State assisting Brooks in cash crunch

From 2012 to 2016, Brooks Memorial Hospital ran annual deficits that totaled nearly $12.7 million. Today, however, that cash crunch has become even more dire.

In a communication with a Health Department official, it has become apparent New York state is helping keep the doors open at the embattled facility located at Sixth Street and Central Avenue. Additionally, the state remains committed to building a new facility that would be located in Fredonia at the former Cornell Cooperative Extension site, which is nearly across the street from the main entrance to the Fredonia Central Schools.

“As demonstrated by its ongoing operating assistance to Brooks Memorial Hospital and significant capital award to construct a new hospital, the state Department of Health is committed to ensuring that communities in the region have access to essential health care services,” said Jeffrey Hammond, state Health Department spokesman in an e-mail to the OBSERVER.

In recent weeks, the building of the new facility has been in question. There’s no activity at the 30-acre property and the state, when the award of nearly $70 million was announced in 2016, wanted quick action.

One of the obvious delays deals with property selection. Before choosing the former Cornell site in January, Brooks had been looking at a location in the town of Pomfret less than a half-mile to the east off Route 20 near a former gravel yard.

After the first location did not pan out, the process for the facility began at square one with the selection of the Cornell site. In the spring, Mary E. LaRowe, chief executive officer at the Brooks-TLC, and Chris Lanski, board chair, provided the OBSERVER with questions and answers regarding the possible build. Both had hoped for a ground-breaking in the spring with construction to be completed in late 2020 or early 2021.

That time line, however, has not been met.

Opposition from residents to the relocation from its current site in Dunkirk to Fredonia also has not sat well with the state. It took notice of the February protest and petition drive, which led to some second thoughts on granting the funding for the new build in recent months.
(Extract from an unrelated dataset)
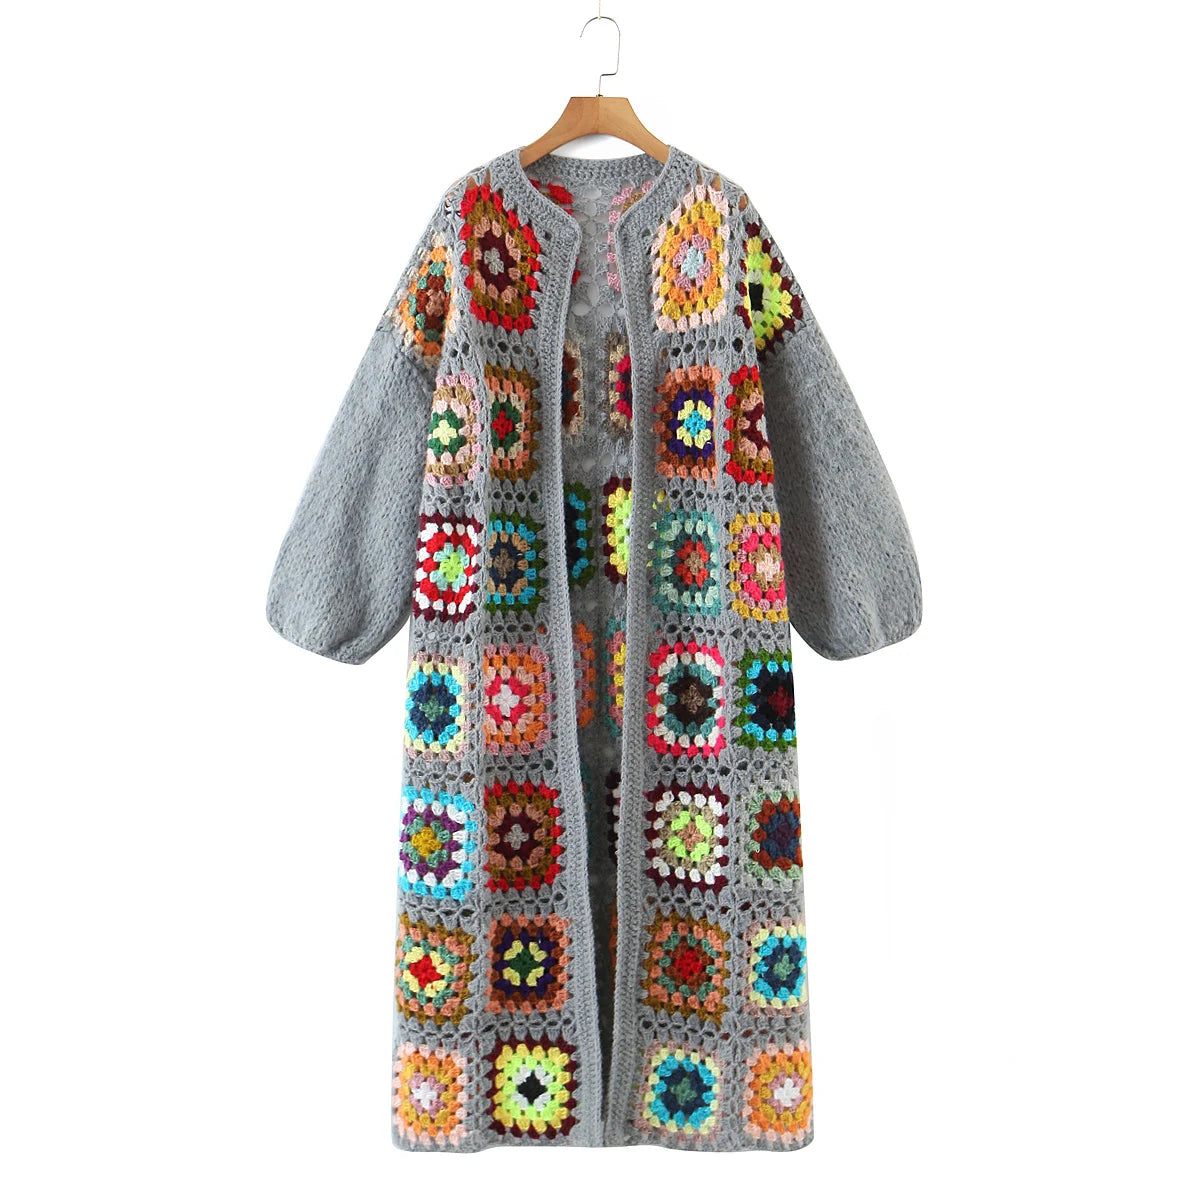 Bohemia Vintage Colored Plaid Flower Granny Square Hand Crochet Long Cardigan Coats & Jackets jehouze One Size Grey 
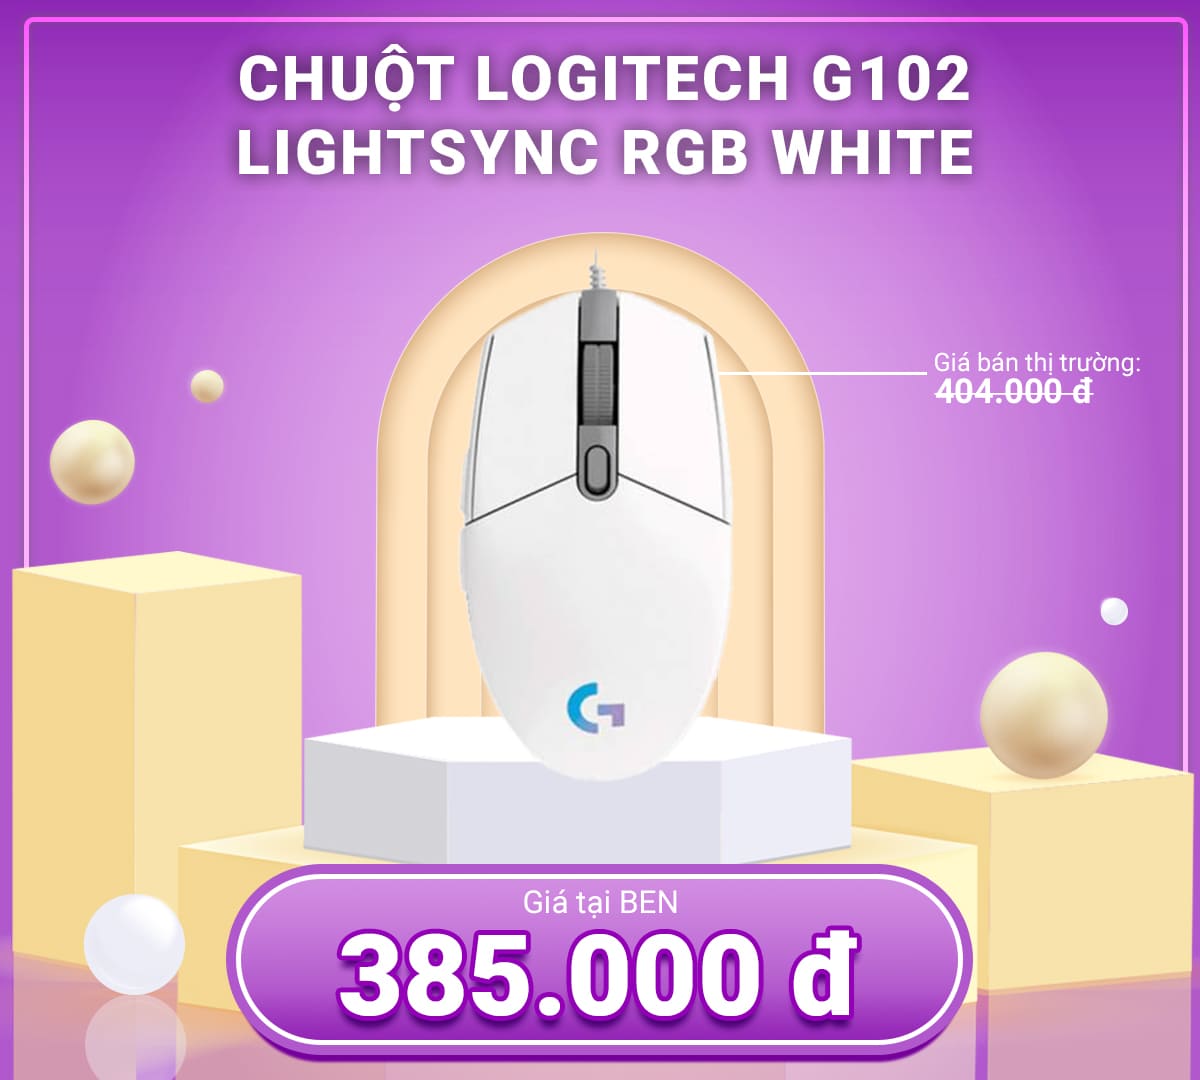 Chuot co day Logitech g102 white

In the meantime, hospital officials’ communication with the region has been consistent with past practices that date back to 2008. There is little community input, though there is a group of government and area leaders who are part of a re-use committee for the current location once a new hospital is built.

Members of the board of directors, according to the Brooks Memorial Hospital web site on Friday, include: Lanski; Dr. James Wild, chair-elect; Louis DiPalma, treasurer; Dr. Dana Anderson; Dr. G. Jay Bishop; Andrew Burr; Timothy Cooper; Christina Jimerson; LaRowe; and Steven P. Przybyla, Esq.